# candids from vacation



## paigew (Jun 19, 2013)

I told you all I had a ton of photos! Here are some of my favorite candids from vacation. I love shooting candids, it makes my heart happy to capture all these memories <3

1



IMG_5306 by paige_w, on Flickr

2



IMG_5358 by paige_w, on Flickr


3



beach babes by paige_w, on Flickr

4



IMG_6146.jpg by paige_w, on Flickr

5



seaweed and sandy toes by paige_w, on Flickr

6



IMG_6702.jpg by paige_w, on Flickr

7




8



IMG_6852.jpg by paige_w, on Flickr


9



IMG_5303 by paige_w, on Flickr

10



daddy's phone by paige_w, on Flickr

thanks for looking


----------



## Derrel (Jun 19, 2013)

Lovely family photos, Paige. I like photos 1,2,3,4,5,6,7,8,9, and 10.


----------



## squirrels (Jun 19, 2013)

Love it. 1 especially. What great expressions!


----------



## 12sndsgood (Jun 19, 2013)

yeah 1 is pretty great.


----------



## paigew (Jun 19, 2013)

Thanks guys  I loved #1 as well


----------



## sashbar (Jun 19, 2013)

1 and 3 are wonderful


----------



## nola.ron (Jun 19, 2013)

1 is fantastic.  Amazing moment right there you captured


----------



## frommrstomommy (Jun 19, 2013)

#1 is great!! so funny that you post that.. just this morning i was thinking i need to set up to get a shot of my son grabbing my phone in the dark every morning


----------



## PropilotBW (Jun 19, 2013)

I love #1.  Kinda makes you wonder what they're watching


----------



## jwbryson1 (Jun 19, 2013)

Excellent!  I really love these shots!!  Can you tell me what kind of processing you did in shots 3, 4 and 5?  I really like how the colors in their clothes pop but the ocean is not so saturated.  Great effect.


----------



## JacaRanda (Jun 19, 2013)

I love them all too!  So easy to get taken back to when mine were that young.  98% joyful with a 2% pinch of melancholy.


----------



## rlemert (Jun 19, 2013)

My reaction to #1:

"See, I did so take a picture of you in your bikini."


----------



## PropilotBW (Jun 19, 2013)

What was your lens of choice for these shots?


----------



## paigew (Jun 19, 2013)

Thank you everyone for your comments <3



jwbryson1 said:


> Excellent!  I really love these shots!!  Can you tell me what kind of processing you did in shots 3, 4 and 5?  I really like how the colors in their clothes pop but the ocean is not so saturated.  Great effect.

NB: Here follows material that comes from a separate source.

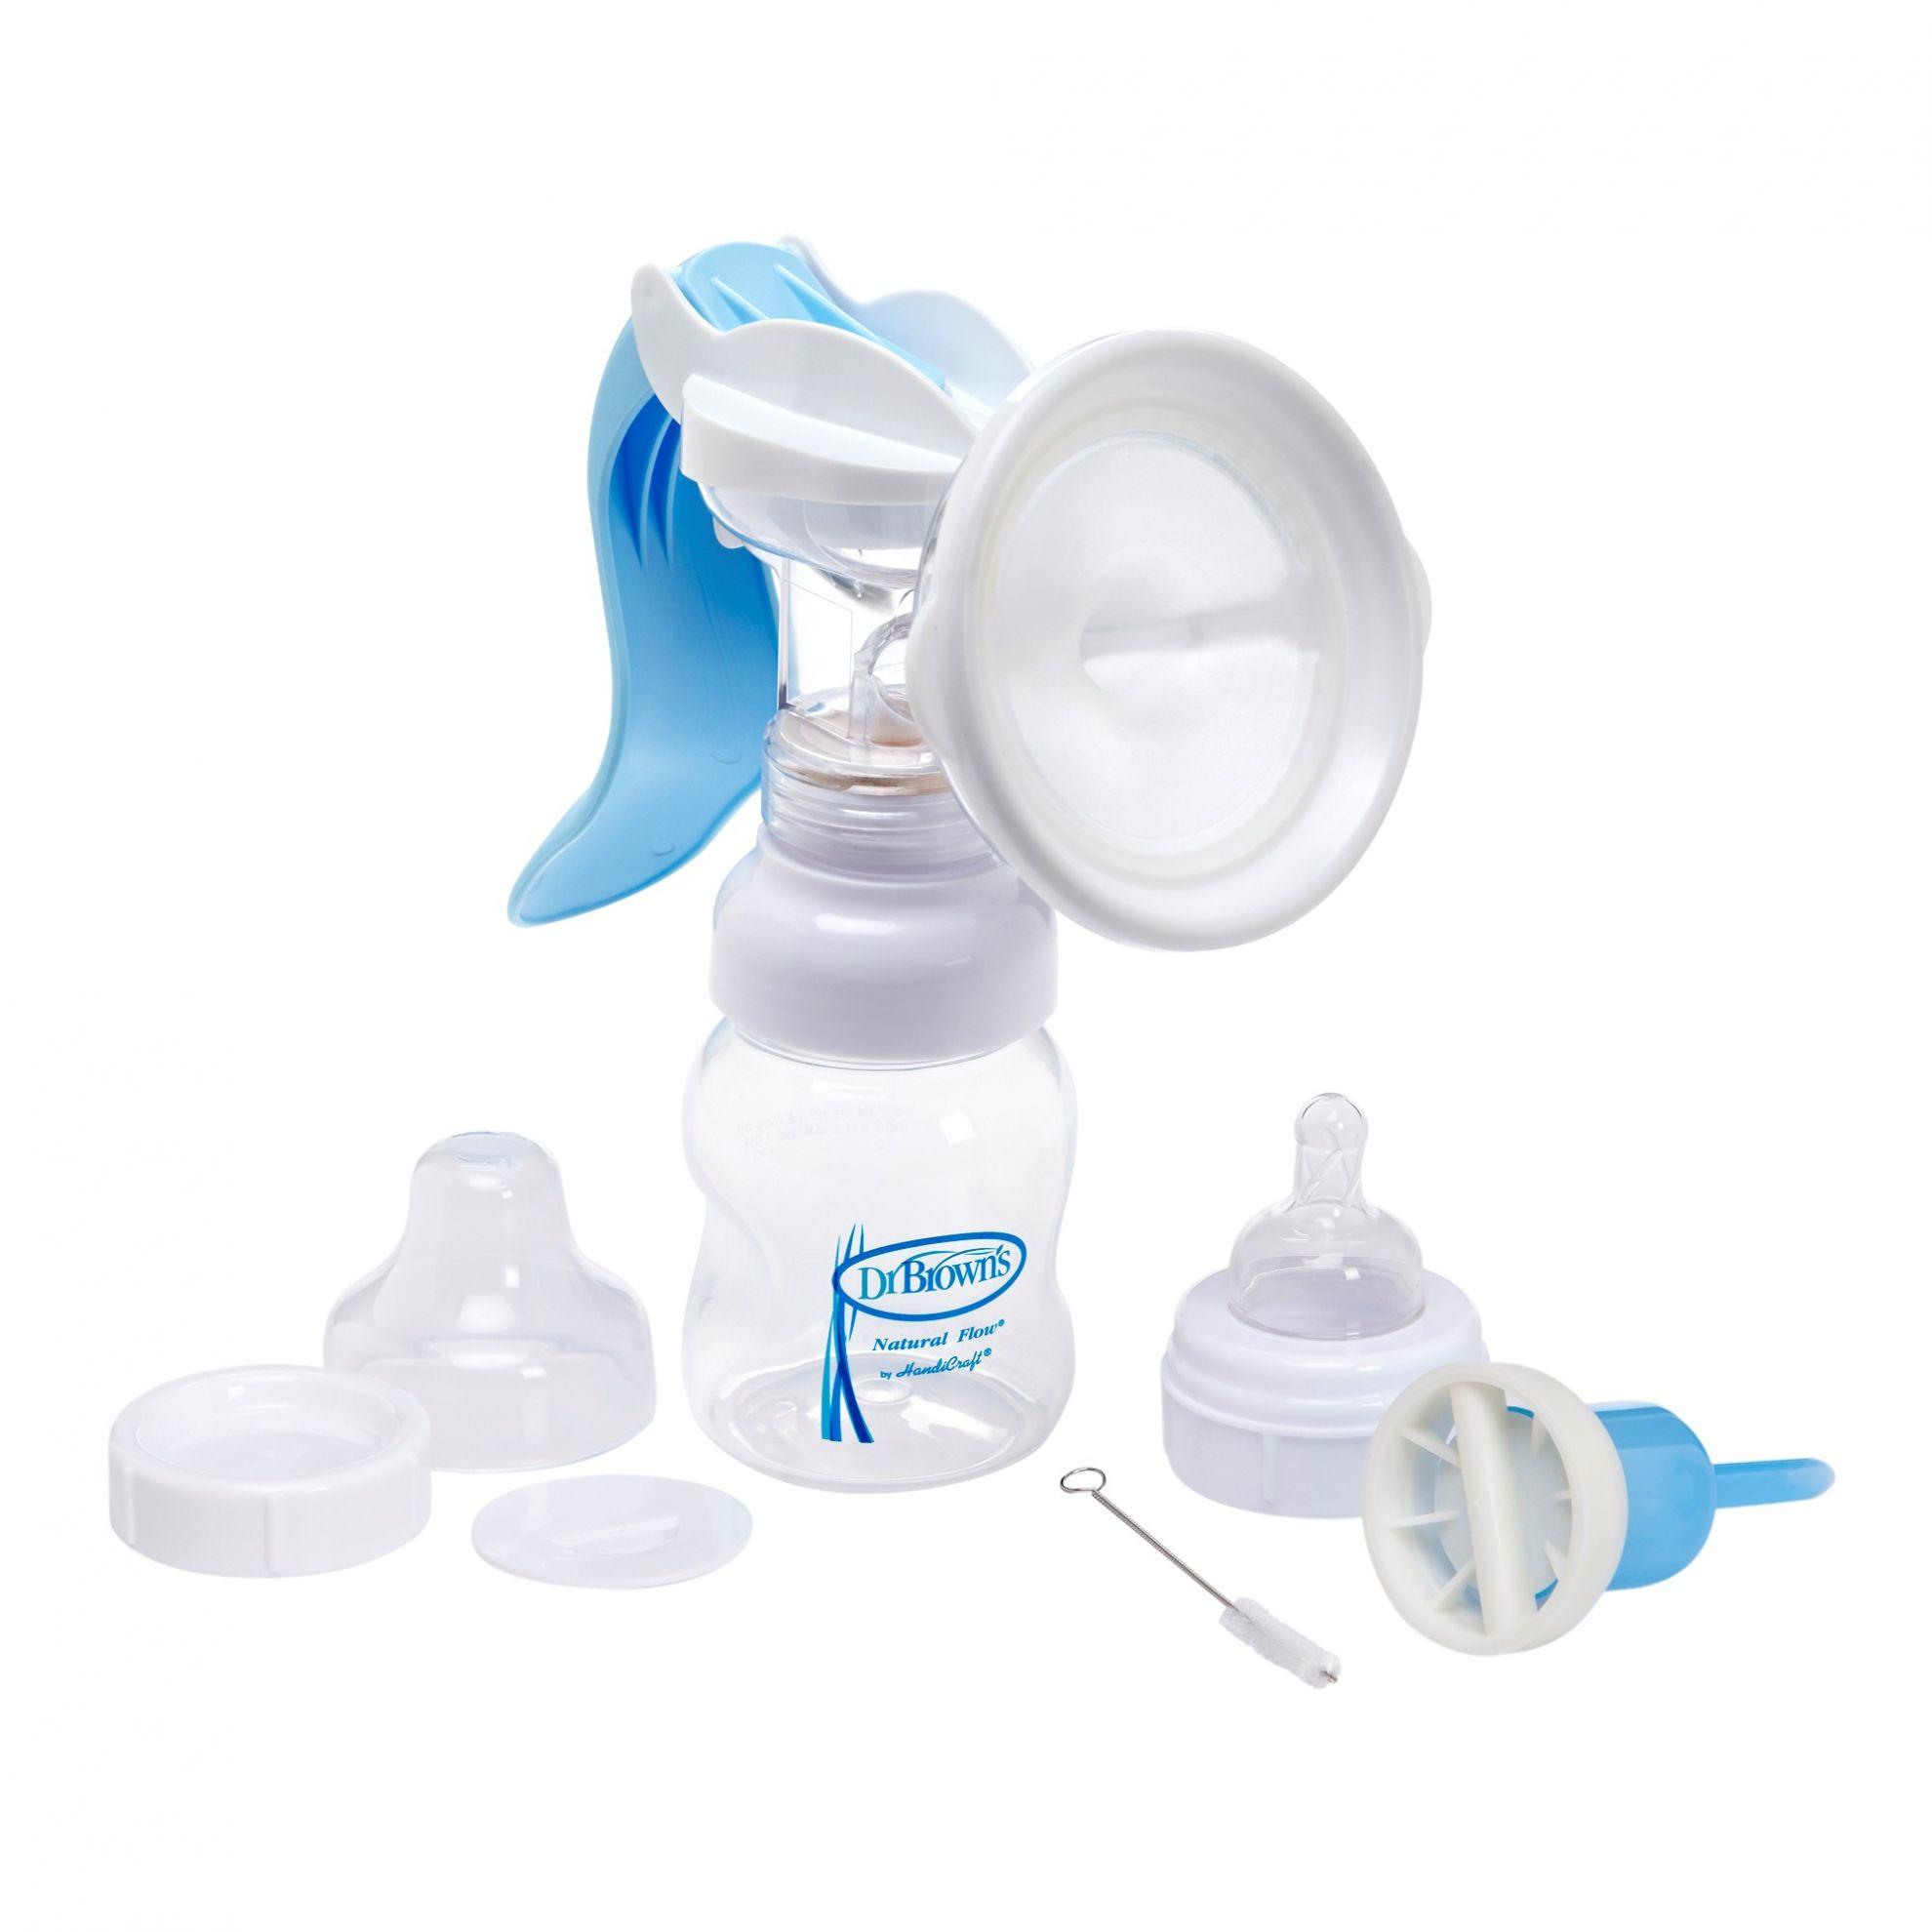 Молокоотсос ручной с принадлежностями - Товары для мамы, артикул: 162742

With these I did a med contrast tone curve slightly bumping down the shadows. Then I burned the entire background (auto mask people) -.40 on exposure + darkening shadows and adding a bit more clarity and contrast. Edited in LR4 . Oh yes I also did a slight vignette 



PropilotBW said:


> What was your lens of choice for these shots?


These were all shot with my 50mm1.4 and my crop sensor


----------



## kundalini (Jun 19, 2013)

6 & 7 are my faves.  Crop 6 to portrait orientation with him on the left third and you have a winner.


----------



## JacaRanda (Jun 19, 2013)

If I really really had to pick one, I would go with #9.  Preciousness to the Nth power.


----------



## Majeed Badizadegan (Jun 19, 2013)

2 is my favorite! Great photo. 

1 is a close second. 

Great job.


----------



## cgipson1 (Jun 19, 2013)

Some of these are very nice. #1... very cute expression! I like #2 best... she is a lovely girl, and her expression makes that shot worthwhile. #3 is also cute.. a nice memory.


----------



## paigew (Jun 20, 2013)

cgipson1 said:


> Some of these are very nice. #1... very cute expression! I like #2 best... she is a lovely girl, and her expression makes that shot worthwhile. #3 is also cute.. a nice memory.



wow thanks Charlie....and I thought you didn't like me


----------



## robertwatcher (Jun 20, 2013)

All are very cute and worthy. :thumbup:


----------



## CherylL (Jun 20, 2013)

paigew said:


> Thank you everyone for your comments <3
> 
> 
> 
> ...



Thanks for sharing your processing.  I can't really pick a favorite because I like them all.  Great captures of family memories.


----------



## jowensphoto (Jun 20, 2013)

Yay! Glad you decided to post these too


----------



## imagemaker46 (Jun 20, 2013)

Great series of photos


----------



## cynicaster (Jun 20, 2013)

This is exactly the type of photography I enjoy the most.  Well done on all counts.


----------



## TimothyJinx (Jun 20, 2013)

Great set, Paige!


----------



## paigew (Jun 20, 2013)

Thanks everyone <3


----------



## esselle (Jun 21, 2013)

These are really really special! Wow! Love the tone, the use of black and white, the shots you "caught." I mean, these are truly wonderful. Great work!!


----------



## ktan7 (Jun 24, 2013)

Cute pictures!


----------



## Dinardy (Jun 30, 2013)

These pictures are too cute. Lots of inspiration


----------



## otto (Jul 1, 2013)

I hate to see family and vacation photos but when they're this good, I really enjoy them!
Awesome!


----------



## paigew (Jul 2, 2013)

otto said:


> I hate to see family and vacation photos but when they're this good, I really enjoy them!
> Awesome!


thank you! <3


----------